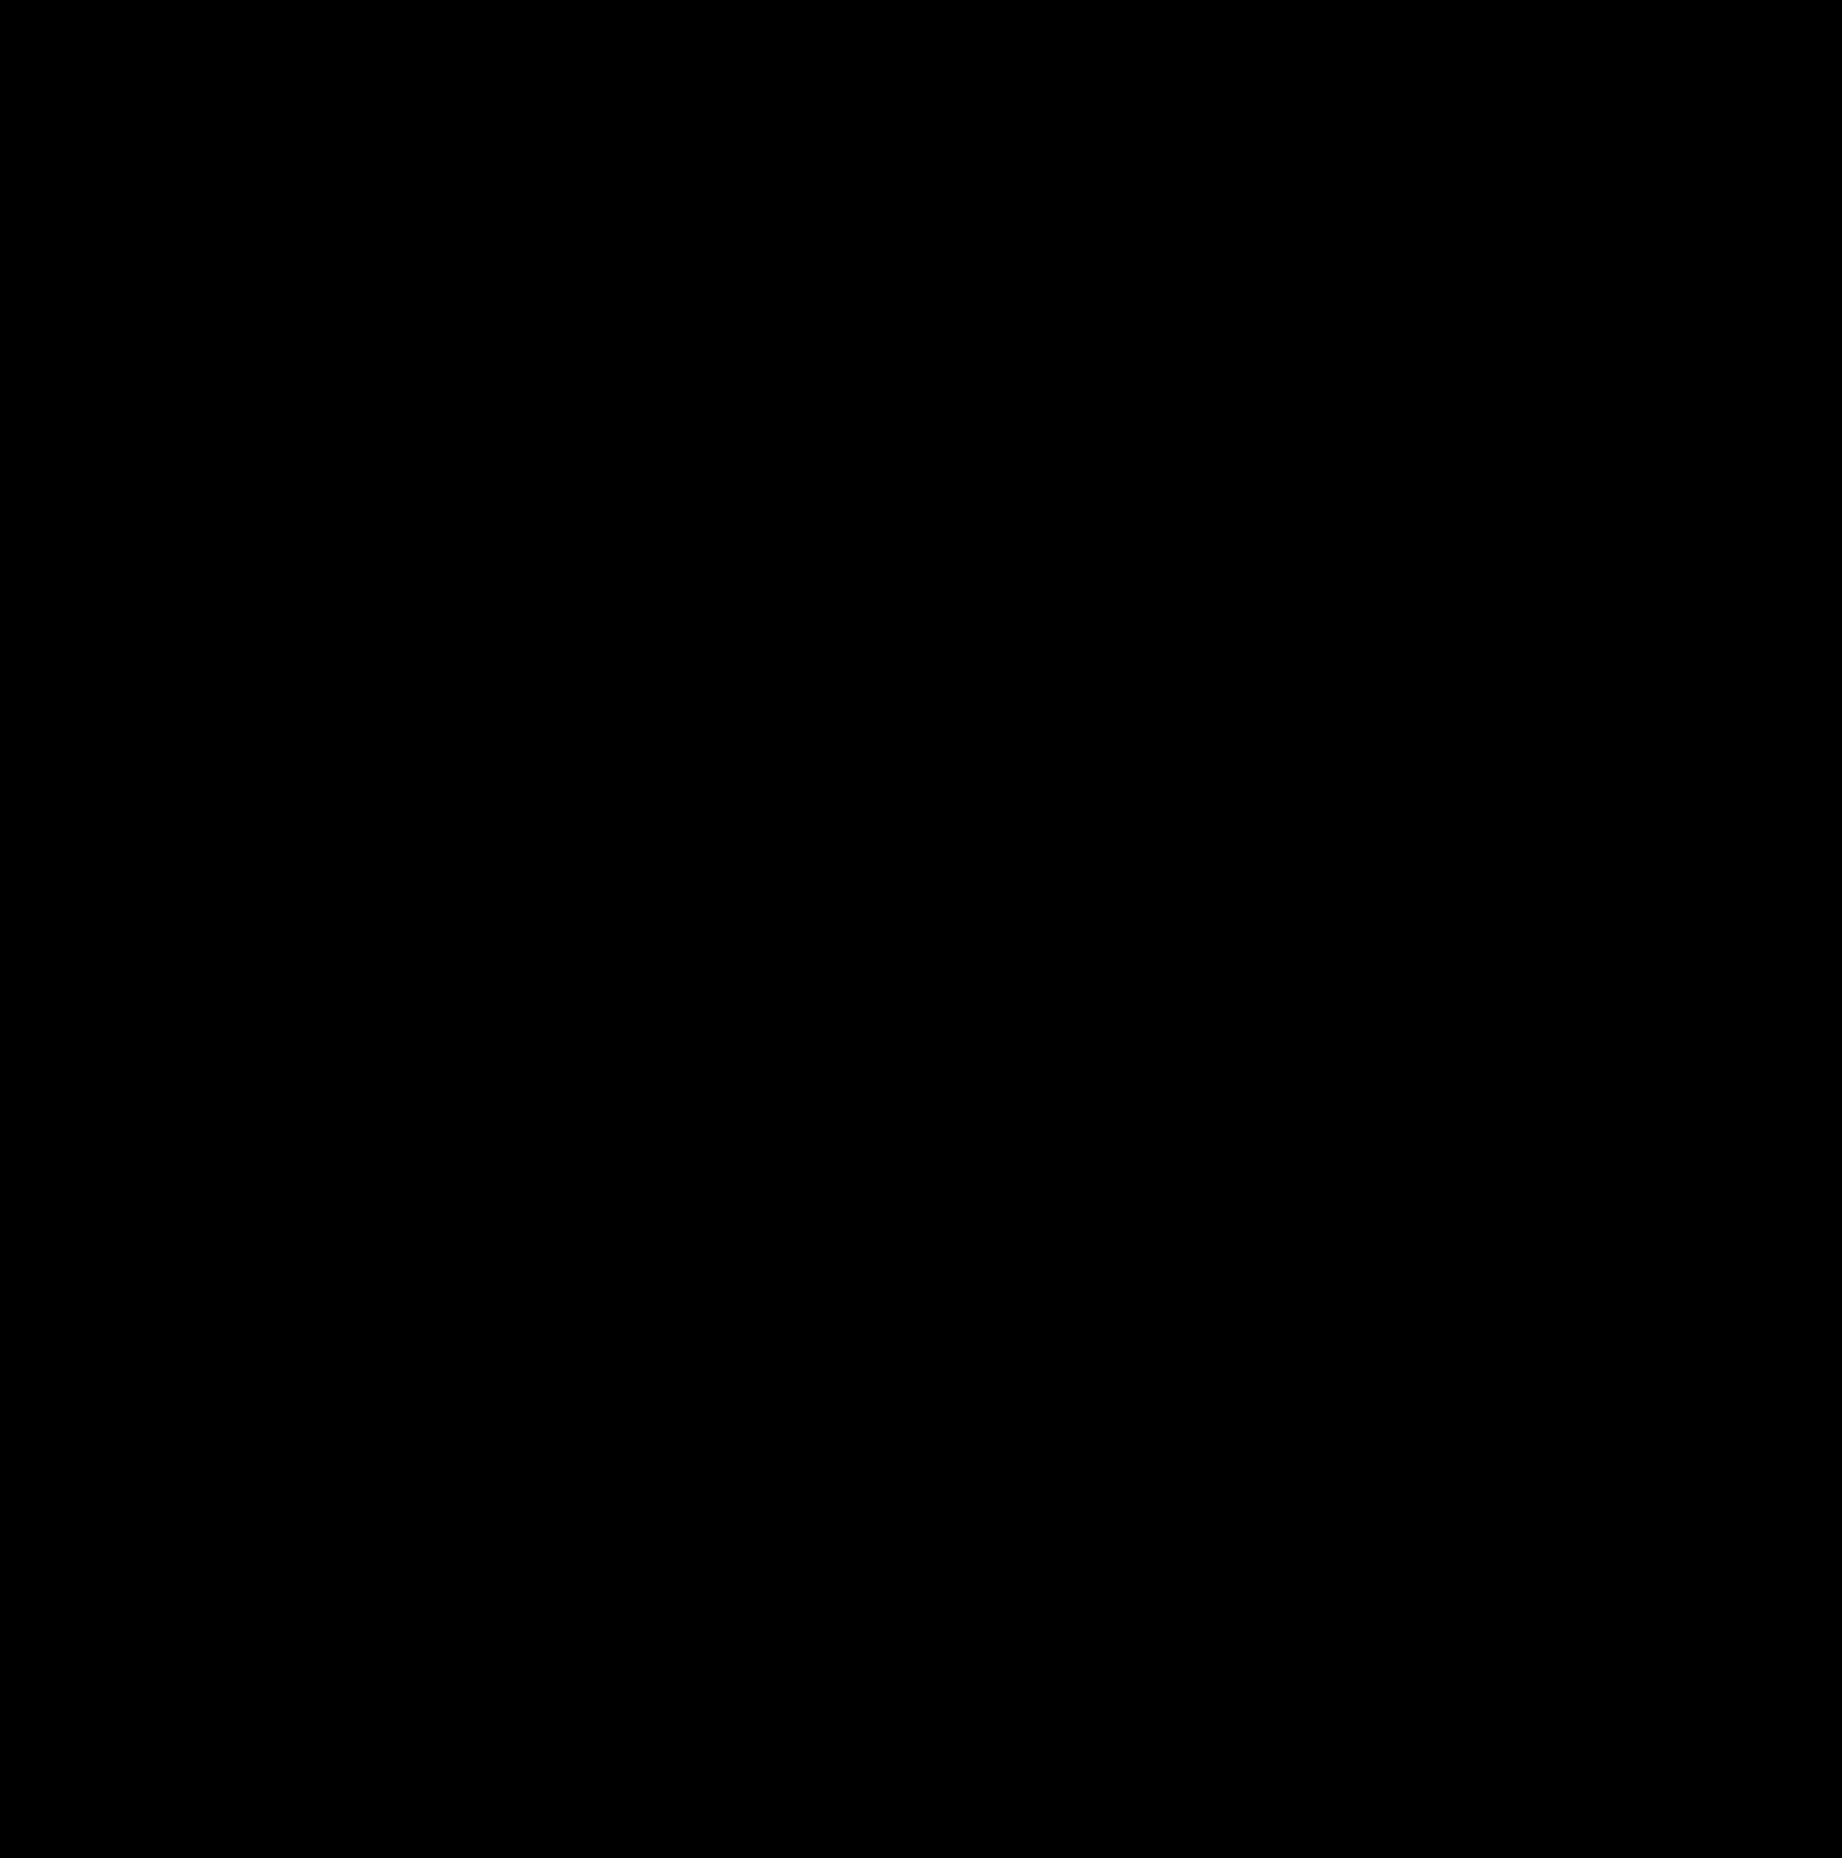 5x Magazin AK47 30Schuss Polymer
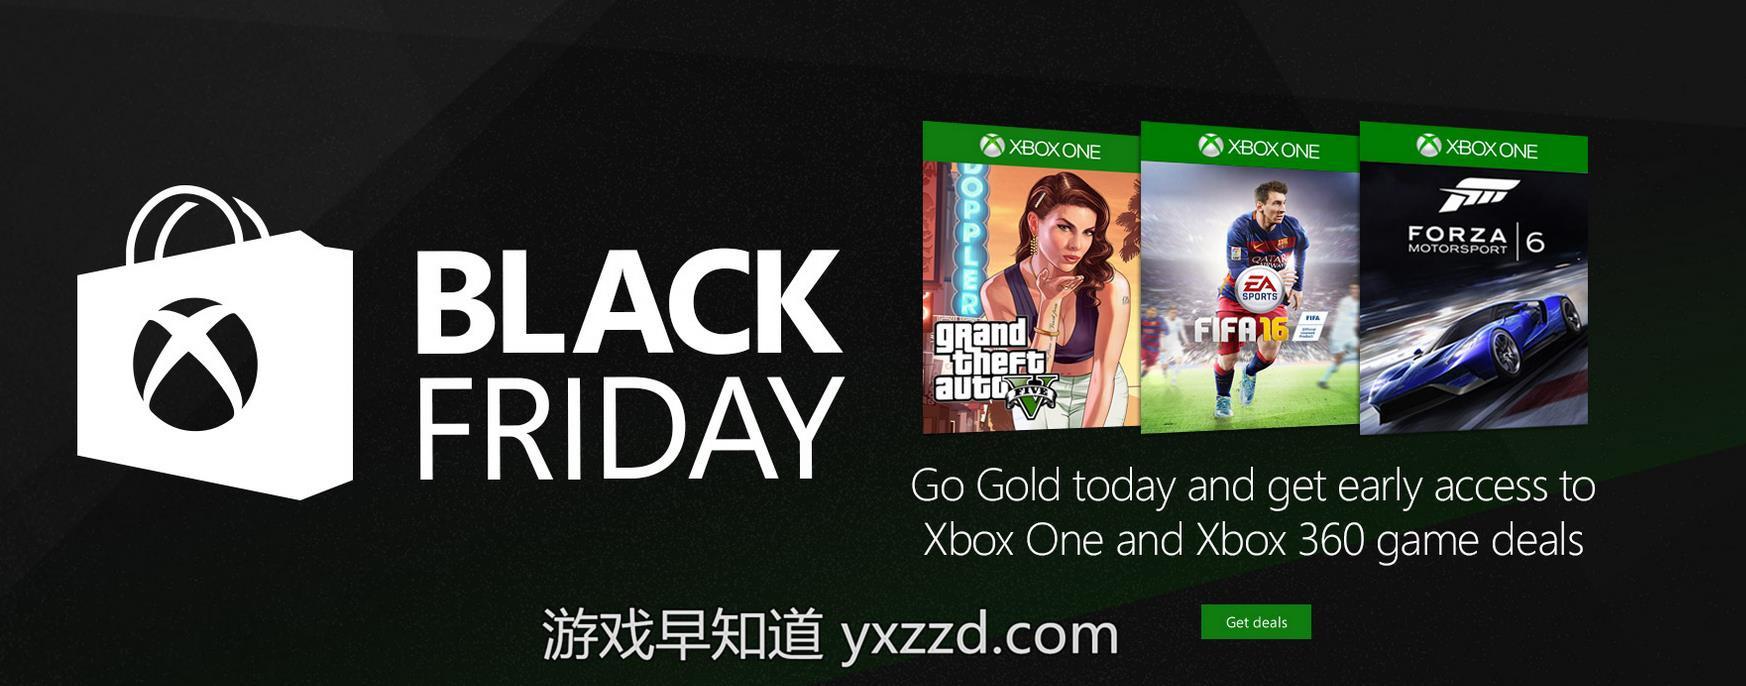 Xboxone Xbox360黑五折扣
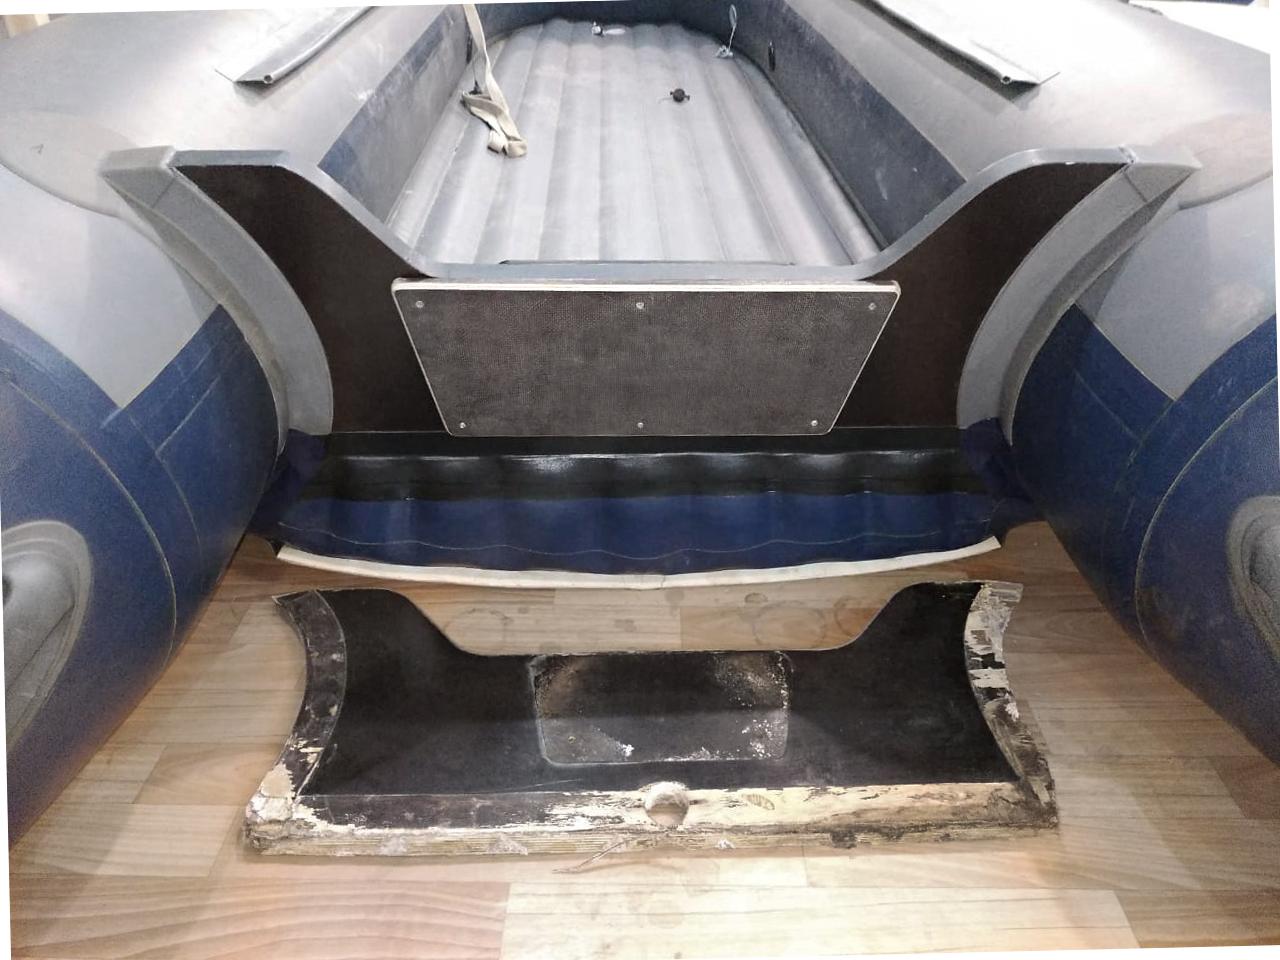 Замена транца на моторной лодке
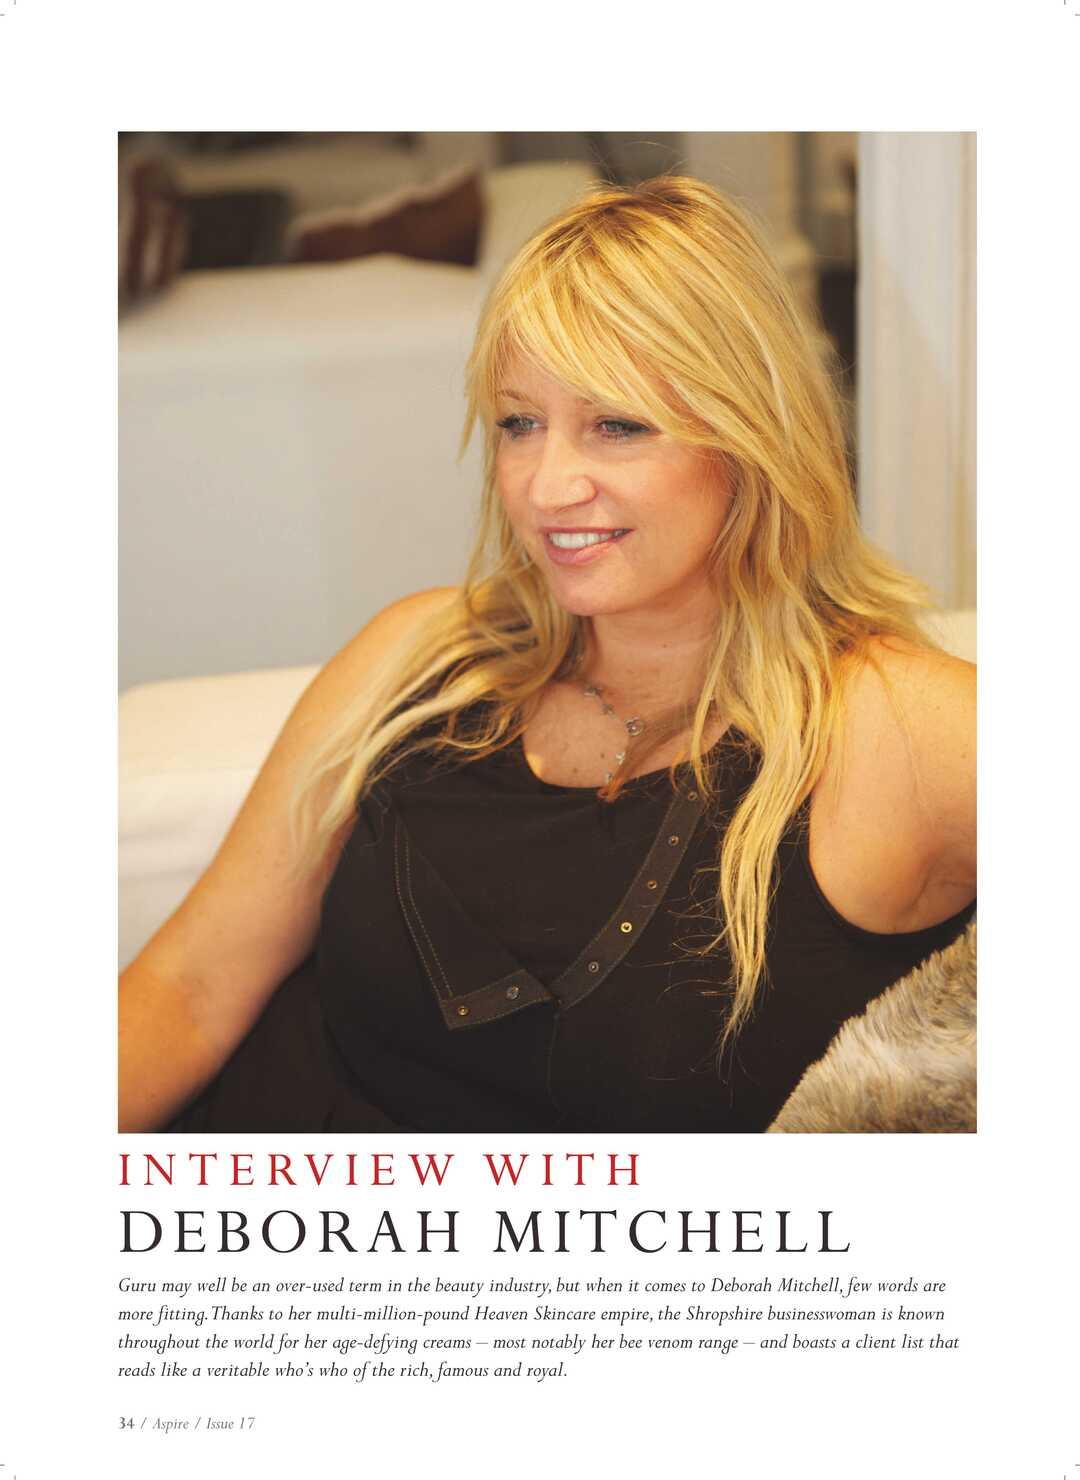 Page 34 of Deborah Mitchell

▶ [THE TASK]: Exactly as written, return each line above and leave the pictures behind.

▶ [RESULT]:
 5x Magazin AK47 30Schuss Polymer
 Xboxone Xbox360黑五折扣
 Замена транца на моторной лодке
 Page 34 of Deborah Mitchell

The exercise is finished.